Menü listesinde şu yemekler var:
a. Çorbalar: Ezogelin, kırmızı mercimek çorbası, Yoğurt çorbası.
b. Soğuk Yemekler: Zeytin tabağı, Zeytin yağlı dolma, Çerkez Tavuğu, Bufalo peynirli domates kulesi salatası, domatesli ekmek (Bruchetta)lı karışık )5 ayrı çesit zeytin Gemlik ve Aydın zeytinleri) zeyin tabağı, Havuç Salatalı ‘Hoş Geldin’ tabağı, Cacık, sucuk ve Pilaki ıle doldurulmus Midye…
c. Ana Yemekler: İskender, Kasap Köftesi, İstim Kebabı, Patlıcan Musakka, Sultan Tavuğu, Arnavut Ciğeri, Zeytin ezmeli Tavuk, Ali Nazik ve Mantı. Bu yemekler ile birlikte Bulgur Pilavı ve çoban salatası bir tabakta verilmekte.
d. Tatlılar, Baklava; cevizli ve fıstıklı, kabak tatlısı, Sütlaç; çikolatalı, hindistan cevizli ve Vanilyalı
e. Sıcak içecekler: çay ve Türk kahvesi, yandan çarklı Türk lokumlu (Hazer Baba)..

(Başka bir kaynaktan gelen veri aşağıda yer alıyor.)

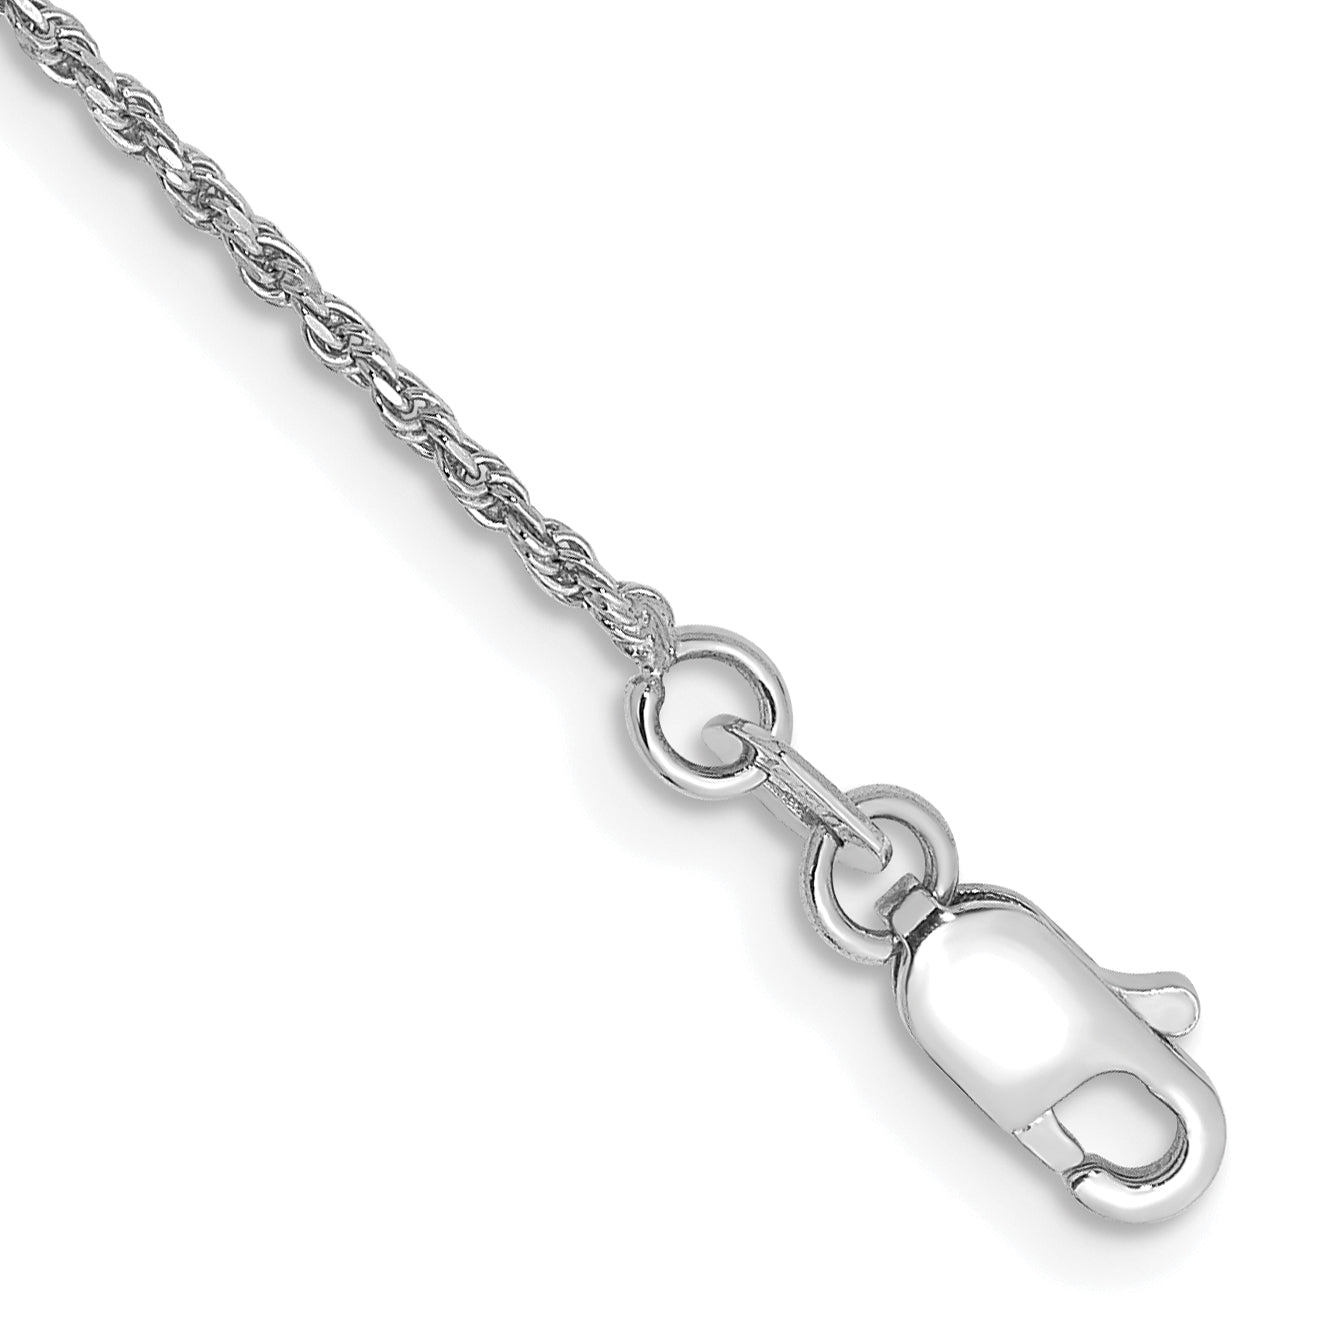 14K White Gold 10 inch 1.15mm Diamond-cut Machine Made Rope with Lobster Clasp Chain Anklet

Yemeğinizi, Tarkan, Sezen Aksu, Candan Erçet, Bülent Ersoy, Zerrin Özer, Sibel Can, Münir Nurettin gibi bizim güzel sanatçılarımızdan memleket havaları dinleyerek, climanın sağladığı serinlikte (18C~20C), Ülkemizden binlerce km. uzakta, aynı tadı ve aynı lezzeti alarak, kendi evinizde imiş gibi yiyorsunuz.

Sonuç olarak; GÜLDEN GOURMET TÜRKISH CUISINE de mideniz Türk yemeklerine, gözünüz Türk motiflerine, kulağınız Türk müziğine doyuyor. Türkiye ile doluyorsunuz.

İşyerinin kurucusu ve sahipleri Ana Mariya ile Mustafa Cem Gülden. İkisi de Universite mezunu, Cem Matematikçi, Ana Mariya İşletmeci. Cem Şef, Ana Mariya Yönetici olarak çalışıyorlar. İşlerinde oldukça disiplinli, dikkatli ve başarılılar.
Cem Türk Vatandaşı. Dini bütün, ameli salih, vatan ve milletine karşı sevgisi ve muhabbeti her geçen gün artarak devam eden oğlumuz. Türklerin yemek kültürünü iyi tahlil etmiş, bilgili ve becerili. Bu küçücük mutfağında hemen hemen her yemeği çıkartabiliyor. Yılbaşında yaptığı ‘ Kestaneli, İç Pilavlı Hindi Dolması’ ına şimdiden gelecek yılbaşı için sıraya girdi, sipariş verdiler.


Cem iki çırak yetiştirmiş, Valentina ile Tatiana, iki genç kız. Yemek okulu mezunu, elleri yatkın ve becerikliler, Cem’in yokluğunda Restoranı çevirebilecek kıvama gelmişler.

Satış fiyatları normalin üzerinde olduğu için, Müşterileri de seçkin insanlardan oluşmuş.
Açılalı üç ay olmuş. Namı süratle yayılıyor, duyan geliyor, gelen bir daha geliyor.

Türkiye sevdalısı Cem ve eşi Ana Mariya ile iftihar ediyorum. Onların başarılarının devamını, daha nice şubeler açarak Colombiada Türk adını ebedileştirmelerini diliyorum.